Stocking for the Future

 

About six years ago – or so – Sal and I began putting a few extra groceries away every month.  To be honest we weren’t too confident where our country was headed and the West Coast has an impending earthquake hanging over head – or underfoot!

We just thought we would feel better if we had a food reserve is need be.  We began slowly and after about three years of consistently buying a bit extra we had a two-year supply put away.

We are very fortunate that our old 1906 house has a room in the basement which was built as a cold room for food storage – I know not everyone is as fortunate.  But please don’t let that delay your beginning to stockpile a food reserve.

Where to begin: – Let’s start by just making a list of the groceries you buy regularly, the dry goods you use weekly and monthly – flour, rice, beans, pasta; mixes you may use for short cuts in cooking like prepackaged cornbread or a spaghetti or gravy mix.  Take your time and make as complete a list as you can.

Once you have made your list decide how long you want to plan ahead.  Sal and I began with just three months – moved to six and then to two years.  You do not have to do this all at once and room for storage is another gauge for you to keep in mind.

If we just look at three months you can figure out how many cans of green beans or corn or beets you need; how many cans of evaporated milk you will use in three months; what about canned soup or pasta or canned fruit.  You get the concept and beginning is the best step forward.

One error we made when we began was putting some food up in five gallon cans.  This wasn’t very smart – after all there are just two of us.

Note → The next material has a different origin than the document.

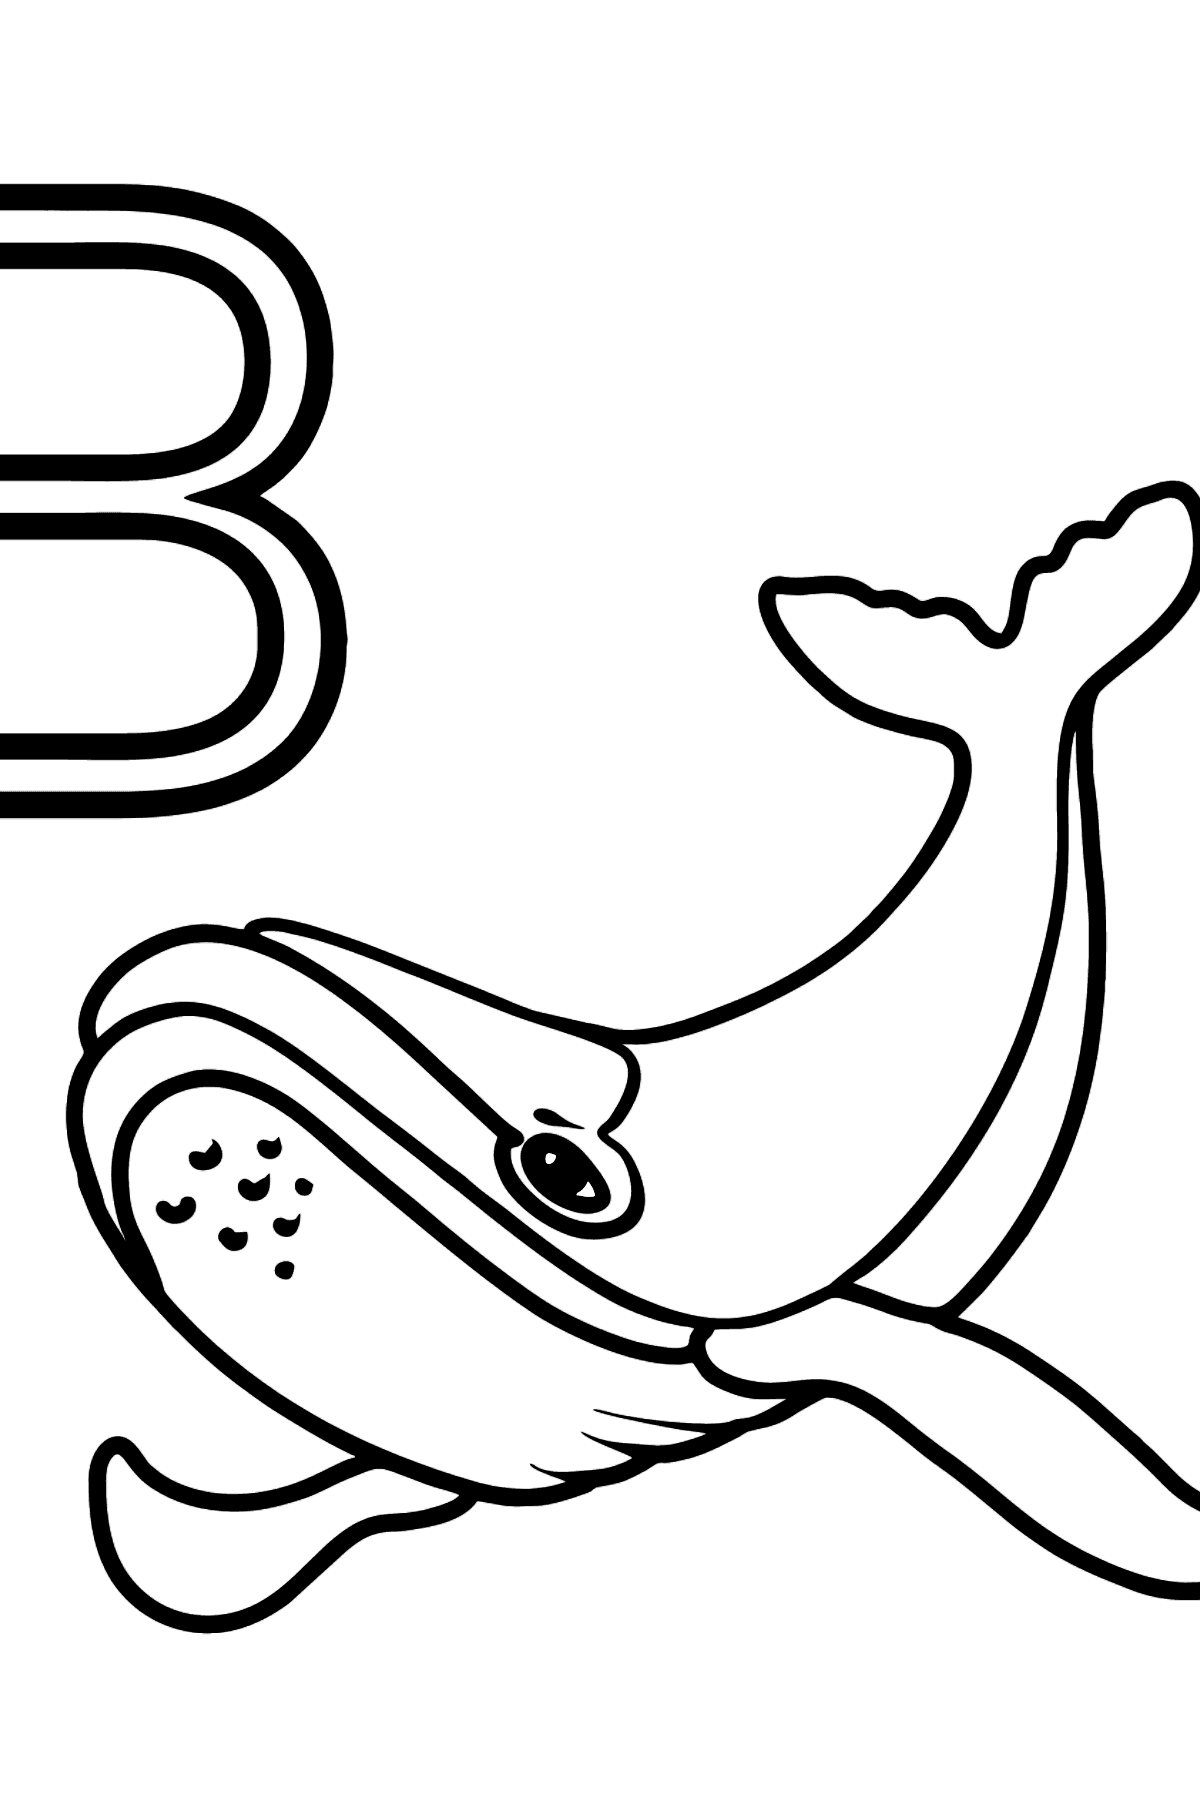 Раскраска Буква B французского алфавита - BALEINE - Картинки для Детей

Once you open a five gallon bucket of beans – oh my – that is a lot of beans.  Not to mention the darn bucket weighs a ton! We learned quickly that #10 cans are a much better method of long-term storage for may of the basics we need.  A #10 tin is the size you see in the commercial or perhaps school section of the grocery store – much easier to consume than a five gallon bucket!  More on the #10 tins later.

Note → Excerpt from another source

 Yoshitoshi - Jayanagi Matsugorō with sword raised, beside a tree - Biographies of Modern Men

We’ve all been shopping for a long time but a few hints that helped us.  We like locally canned items and found that our local Bi-Mart carries a brand of canned vegetables that we like – Santiam brand.  They periodically have the cans on sale so we would buy a case of our favorite vegetables.  Twelve cans gives us enough to use two cans a month for six months – see how easy that was – you are already six months stocked!  Watch for specials on the items your family enjoys and buy some extra – perhaps more than you usually would purchase.

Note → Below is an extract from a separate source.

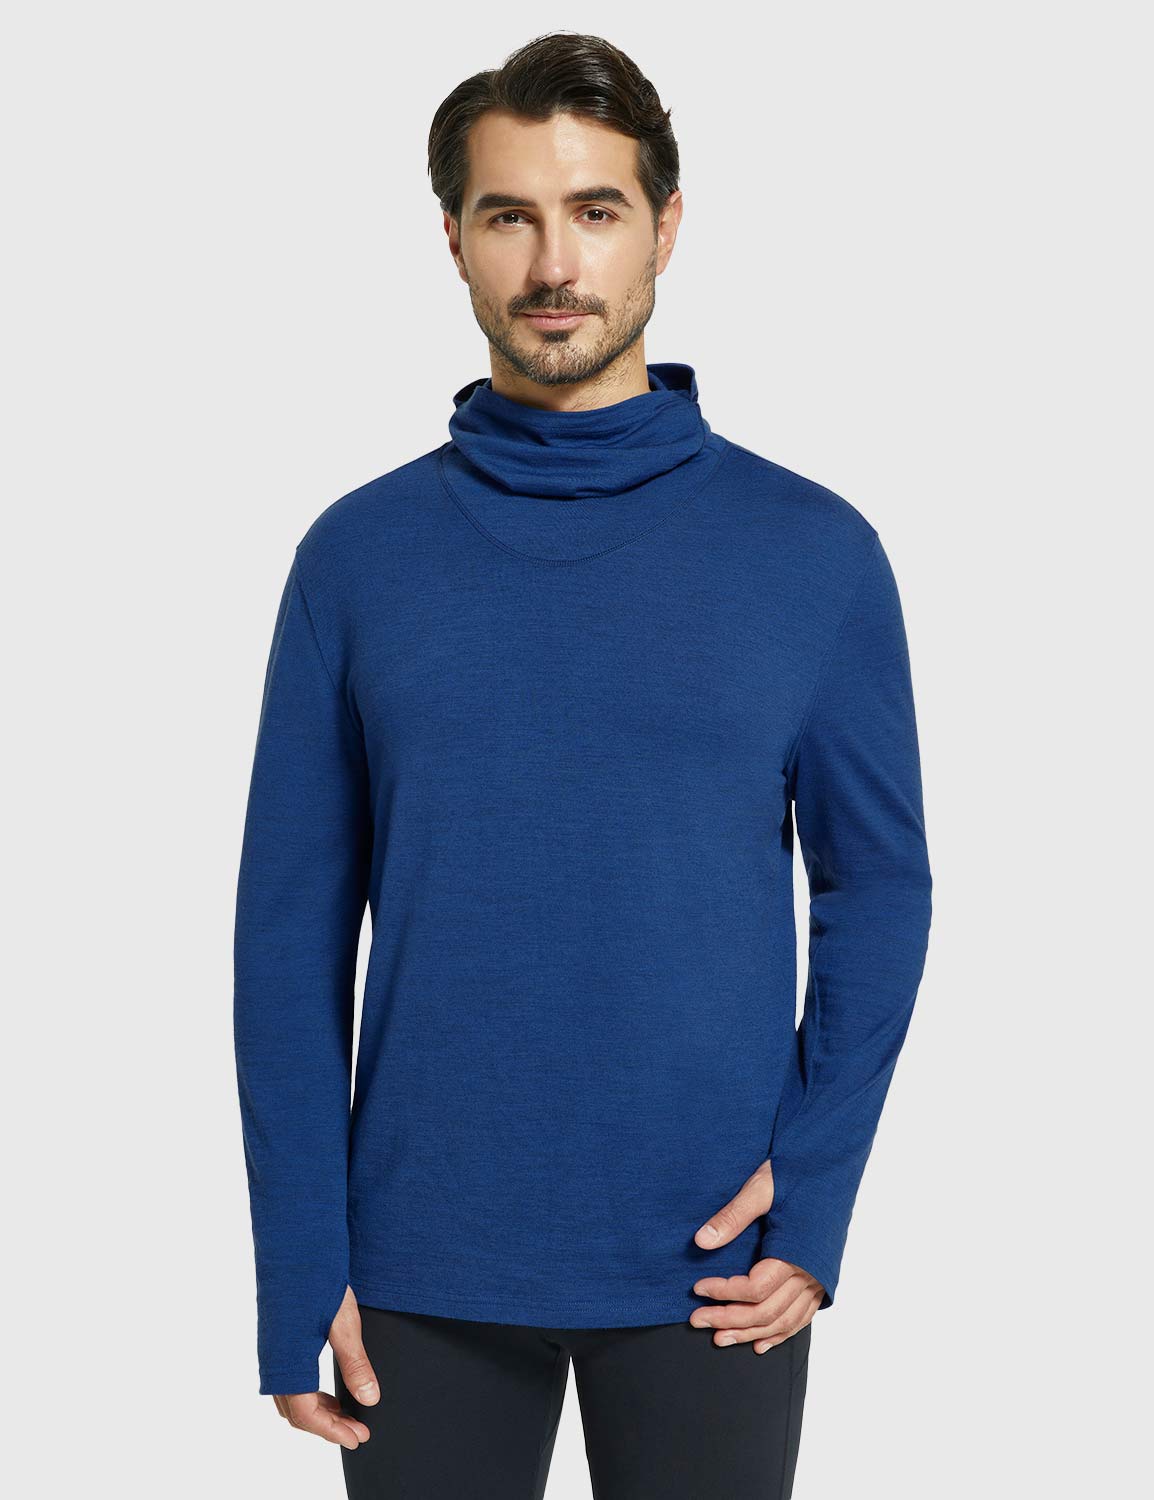 Baleaf Men's Merino Wool Hooded Base Layer Shirts Quartz blue Main

If you have a large pantry you are blessed and just need to organize a bit to increase your food retention area.  If you are short on storage consider a hall closet or perhaps having some cased goods under your bed.  You do not want your canned goods to freeze but if your garage is heated or protected you can store items there as well.

One issue which always comes up is “What about the expiration date on the canned goods/”  I have it from a very reliable source that the expiration dates do not mean very much.  Canned goods may, after a time, lose some of their nutritional value.  But is you are stockpiling for six months or a year you do not have to be concerned.  Rotating your stock will eliminate most of that issue anyway  – and you always want to use the older products first.

I have a list of our items which I will post later – I am having difficulty formatting it to fit in the blog!  I have our long-term storage list and then our pantry access list which is where you will want to begin.

Begin today – start making that list of all the items you use in a week – expand it to two.  Most of repeat many of our meals on a regular basis so this is an easy step to begin.  I will be back with a list and additional info in a few days.  I’ll be checking on you to see how your list making is going!

Happy Stocking for the Future – It is a great feeling of security to know you and your family will not go hungry in case of an emergency or an unexpected crisis.